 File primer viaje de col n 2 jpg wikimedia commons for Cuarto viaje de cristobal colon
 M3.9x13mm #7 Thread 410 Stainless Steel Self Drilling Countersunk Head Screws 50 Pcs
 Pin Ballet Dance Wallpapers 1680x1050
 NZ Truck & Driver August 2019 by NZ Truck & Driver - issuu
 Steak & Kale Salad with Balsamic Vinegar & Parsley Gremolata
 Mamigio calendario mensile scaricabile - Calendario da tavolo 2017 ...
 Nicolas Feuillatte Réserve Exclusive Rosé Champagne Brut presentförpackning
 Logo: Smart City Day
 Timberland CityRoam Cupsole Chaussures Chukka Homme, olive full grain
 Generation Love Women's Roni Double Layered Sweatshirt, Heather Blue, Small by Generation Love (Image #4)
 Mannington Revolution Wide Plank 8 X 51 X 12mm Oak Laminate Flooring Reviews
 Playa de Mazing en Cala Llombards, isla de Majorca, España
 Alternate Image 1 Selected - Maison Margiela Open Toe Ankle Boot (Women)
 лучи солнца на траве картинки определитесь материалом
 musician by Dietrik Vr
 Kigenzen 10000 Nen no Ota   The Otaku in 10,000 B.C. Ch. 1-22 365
┄┄┄┄┄┄┄┄┄┄
Task goal: Quote the listing above from its first line to the line with "Playa de Mazing", inclusive, and add nothing.

Solution to this problem:
 File primer viaje de col n 2 jpg wikimedia commons for Cuarto viaje de cristobal colon
 M3.9x13mm #7 Thread 410 Stainless Steel Self Drilling Countersunk Head Screws 50 Pcs
 Pin Ballet Dance Wallpapers 1680x1050
 NZ Truck & Driver August 2019 by NZ Truck & Driver - issuu
 Steak & Kale Salad with Balsamic Vinegar & Parsley Gremolata
 Mamigio calendario mensile scaricabile - Calendario da tavolo 2017 ...
 Nicolas Feuillatte Réserve Exclusive Rosé Champagne Brut presentförpackning
 Logo: Smart City Day
 Timberland CityRoam Cupsole Chaussures Chukka Homme, olive full grain
 Generation Love Women's Roni Double Layered Sweatshirt, Heather Blue, Small by Generation Love (Image #4)
 Mannington Revolution Wide Plank 8 X 51 X 12mm Oak Laminate Flooring Reviews
 Playa de Mazing en Cala Llombards, isla de Majorca, España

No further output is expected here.